TO DO ▸ Please return the listing below word for word, minus its pictures.

DATASET SECTION ▸

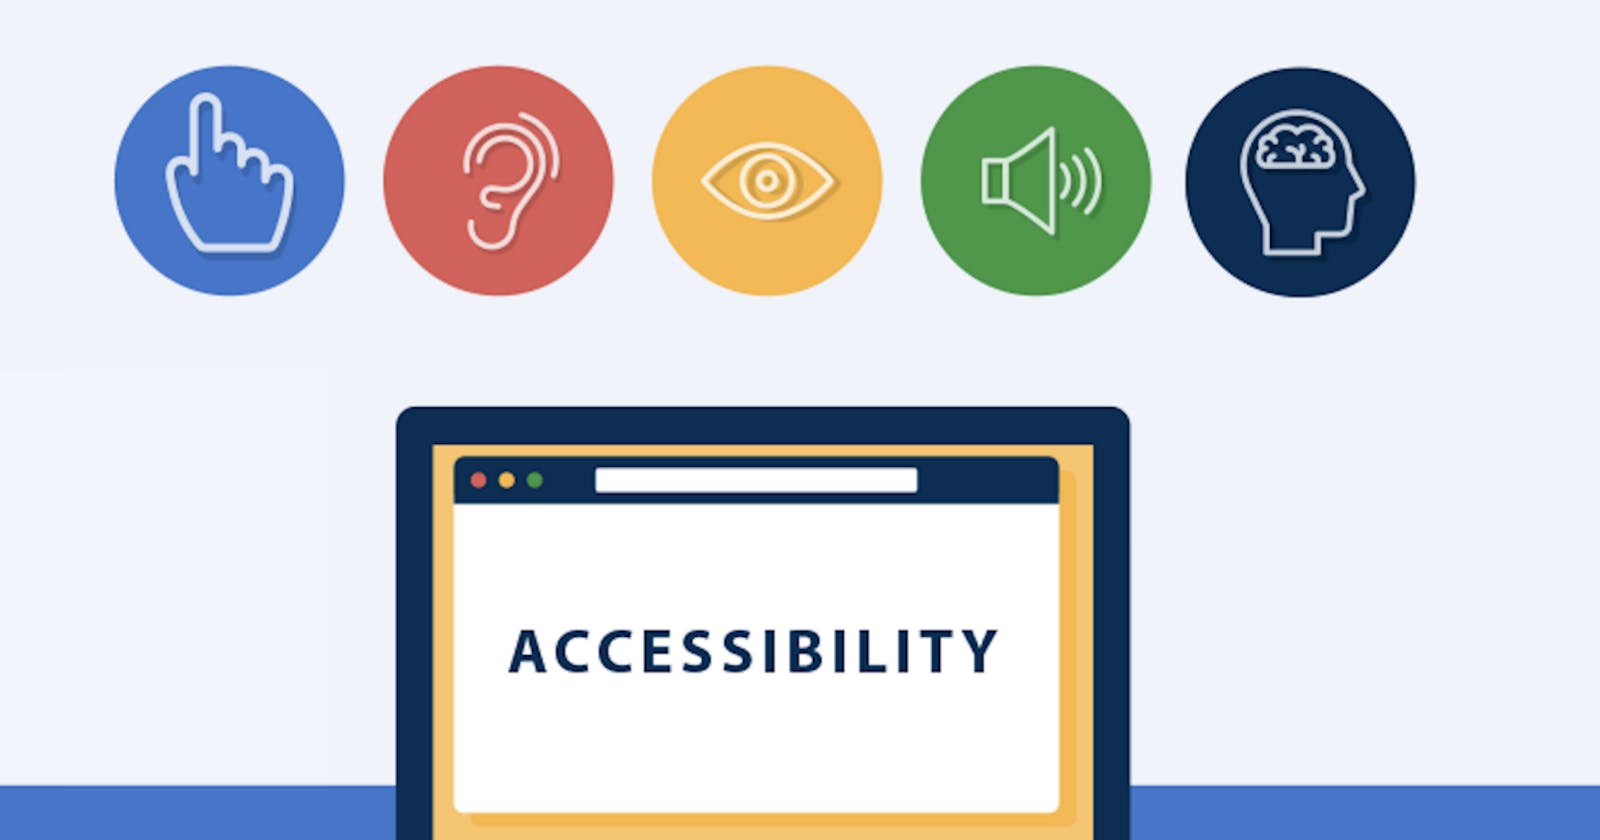 Web Accessibility: What it is and How to improve it
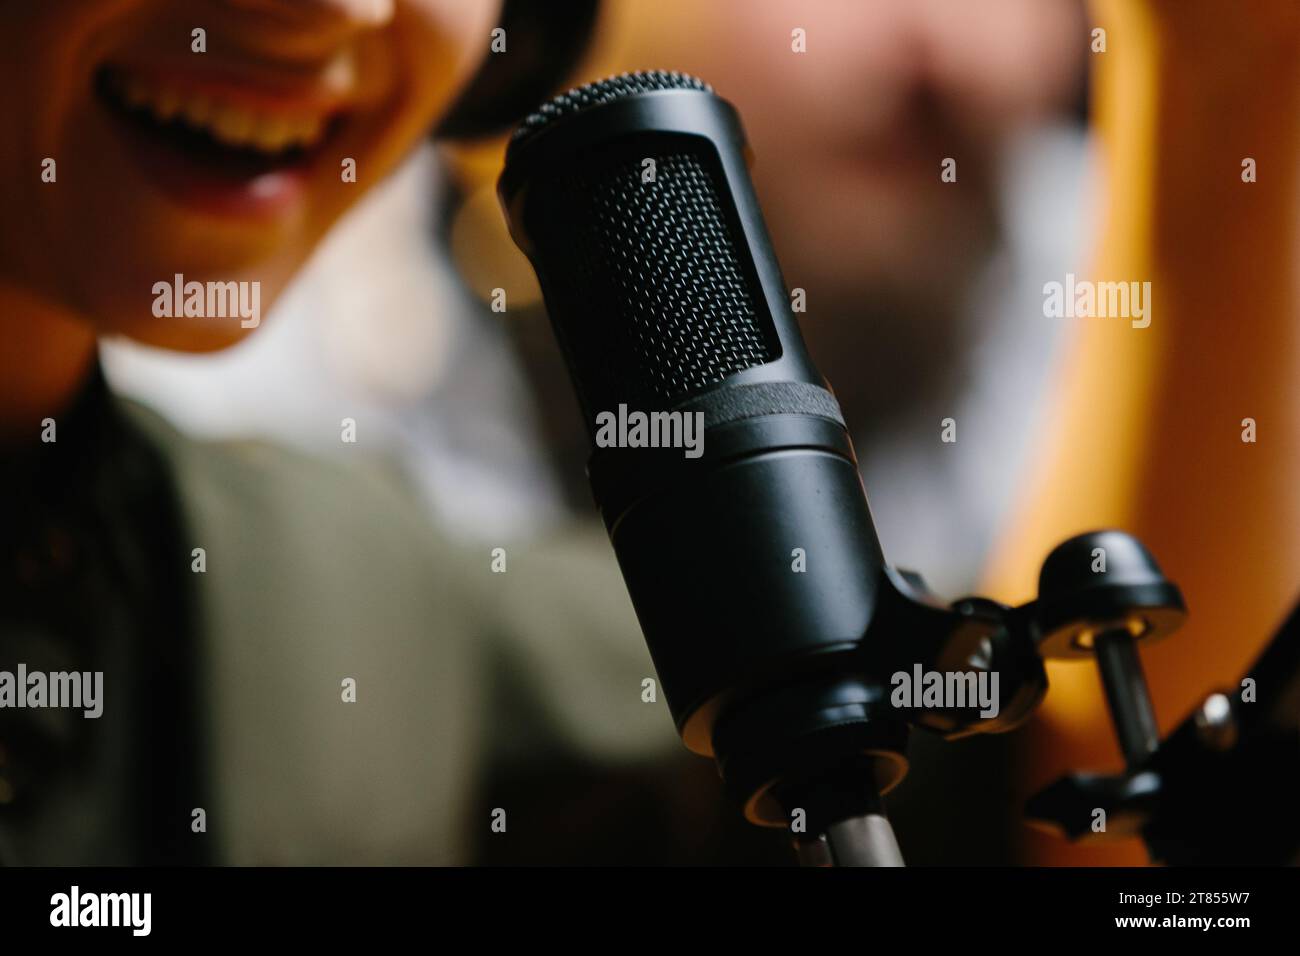 Close-up, dubbing actor or radio host speaking into a microphone. Stock Photo
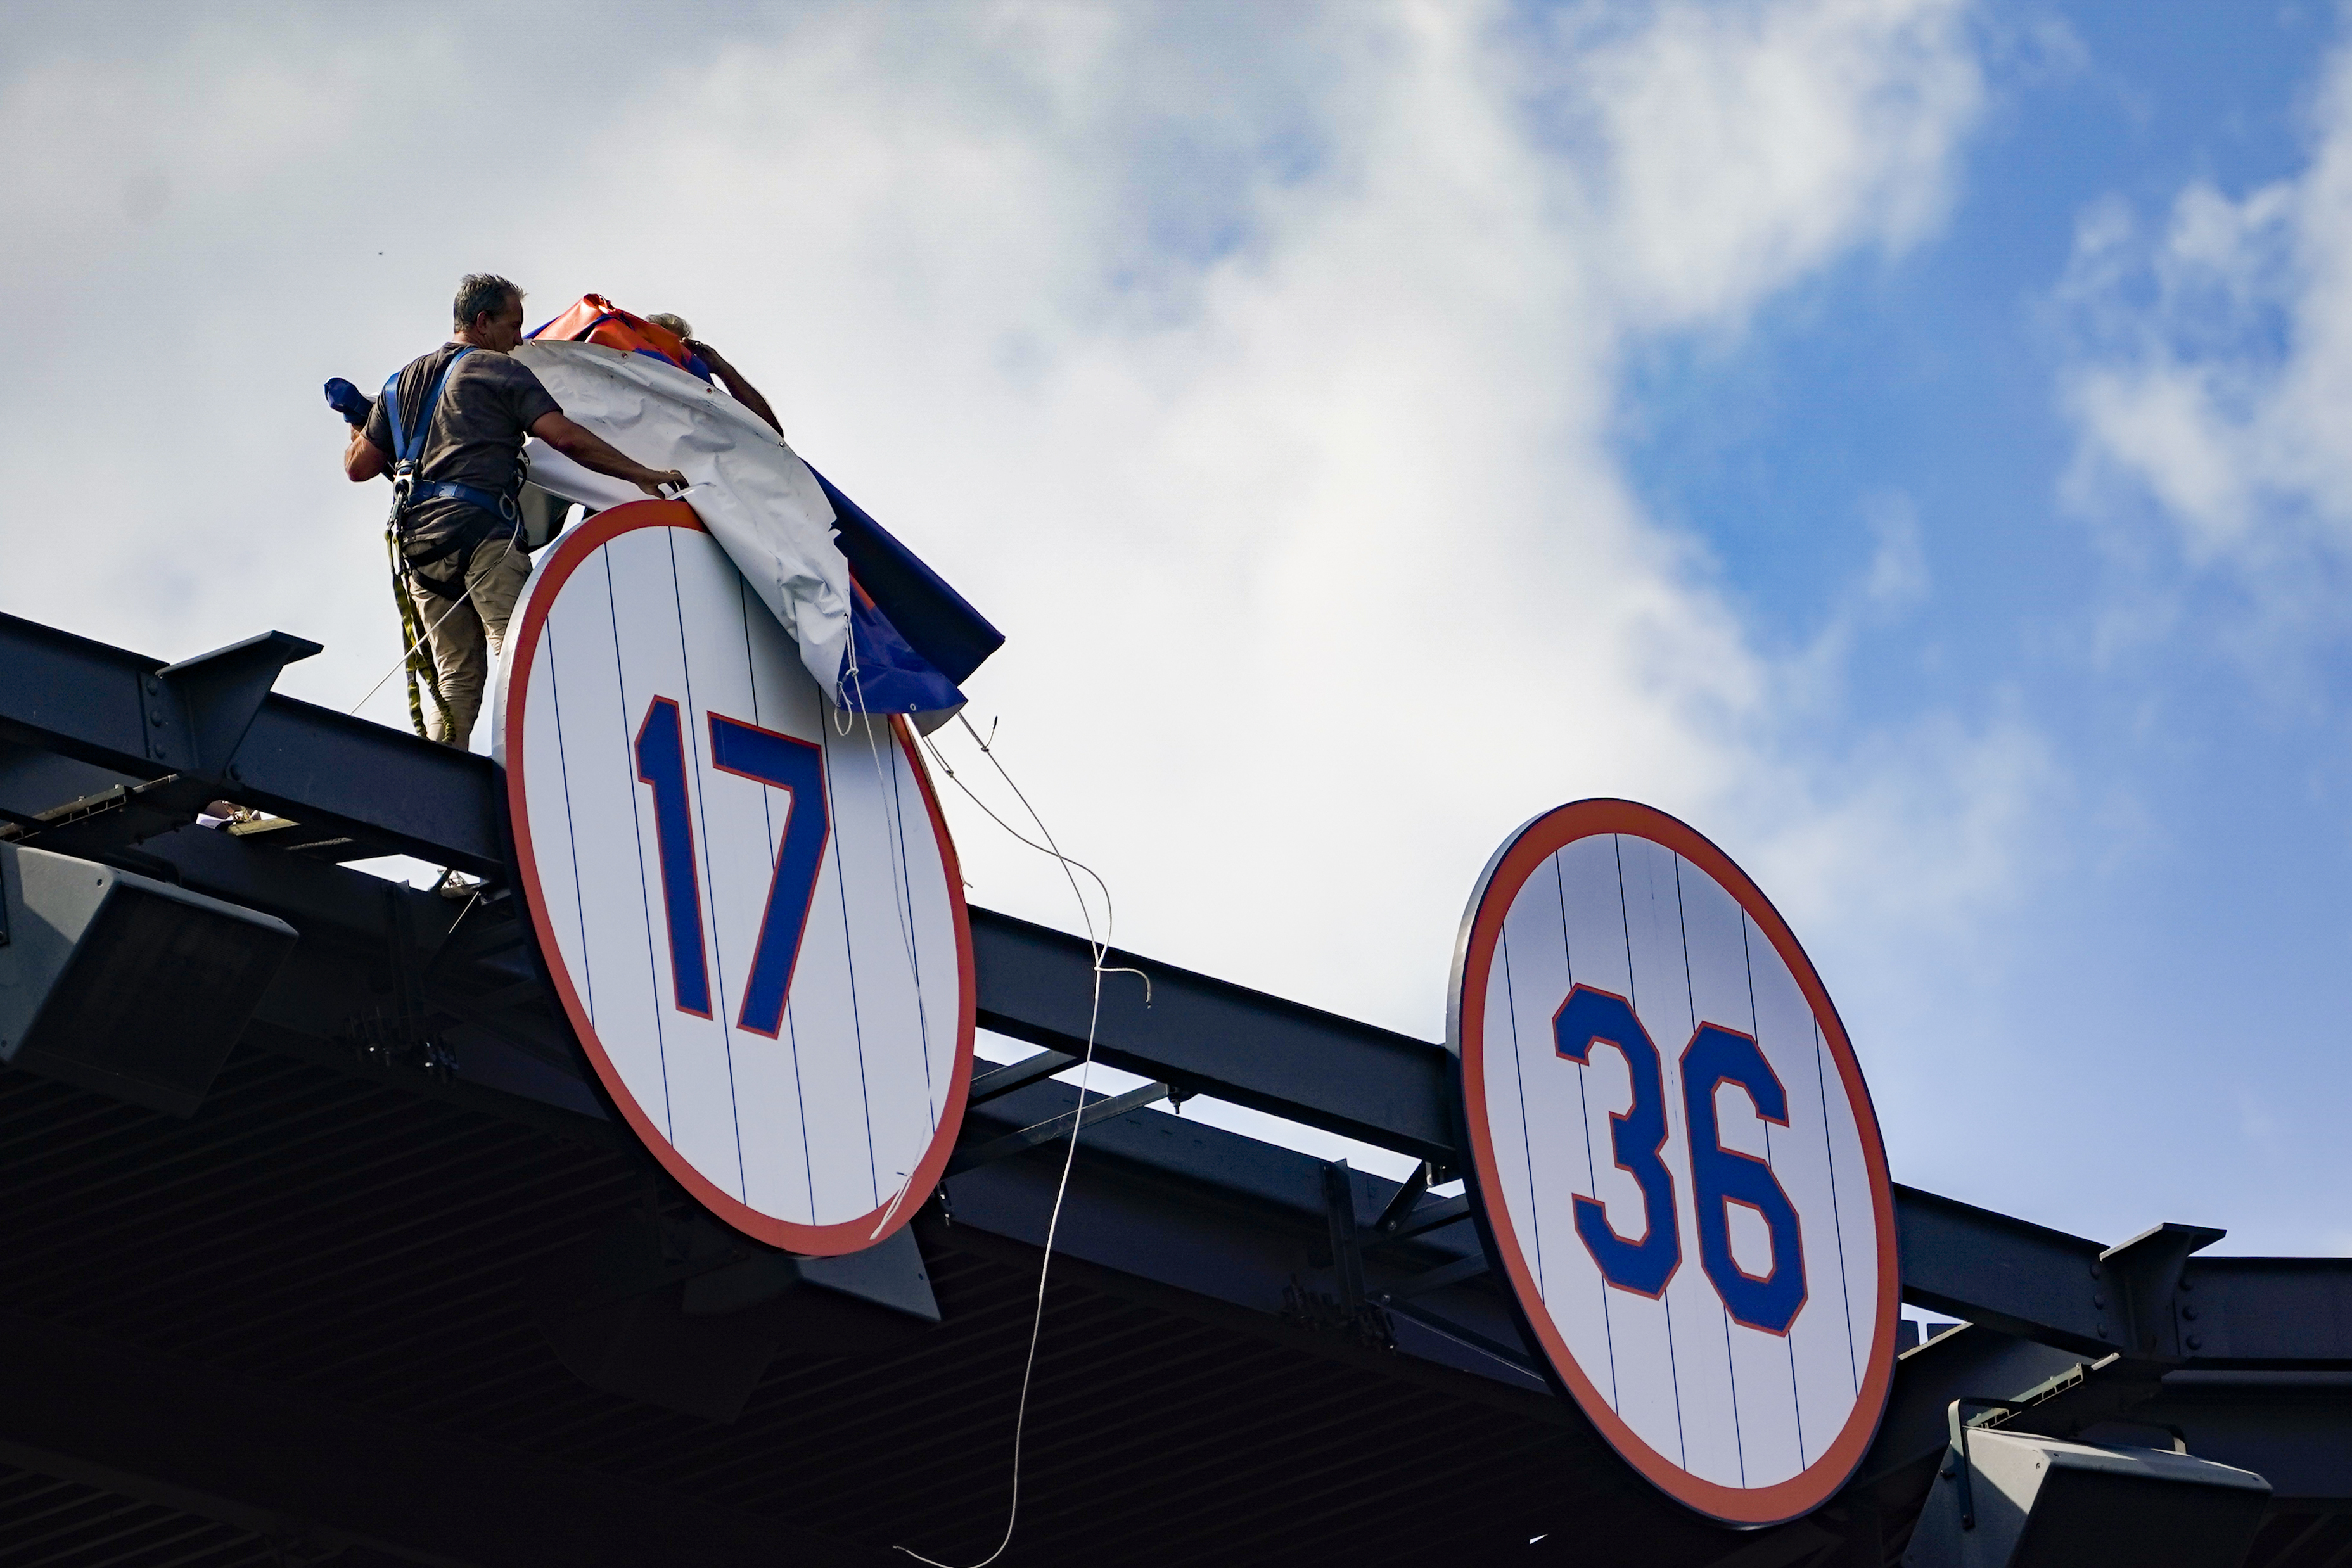 The Mets' retired numbers on the left field wall at Citi F…

YOUR SOLUTION ▸
 Web Accessibility: What it is and How to improve it
 Close-up, dubbing actor or radio host speaking into a microphone. Stock Photo
 The Mets' retired numbers on the left field wall at Citi F…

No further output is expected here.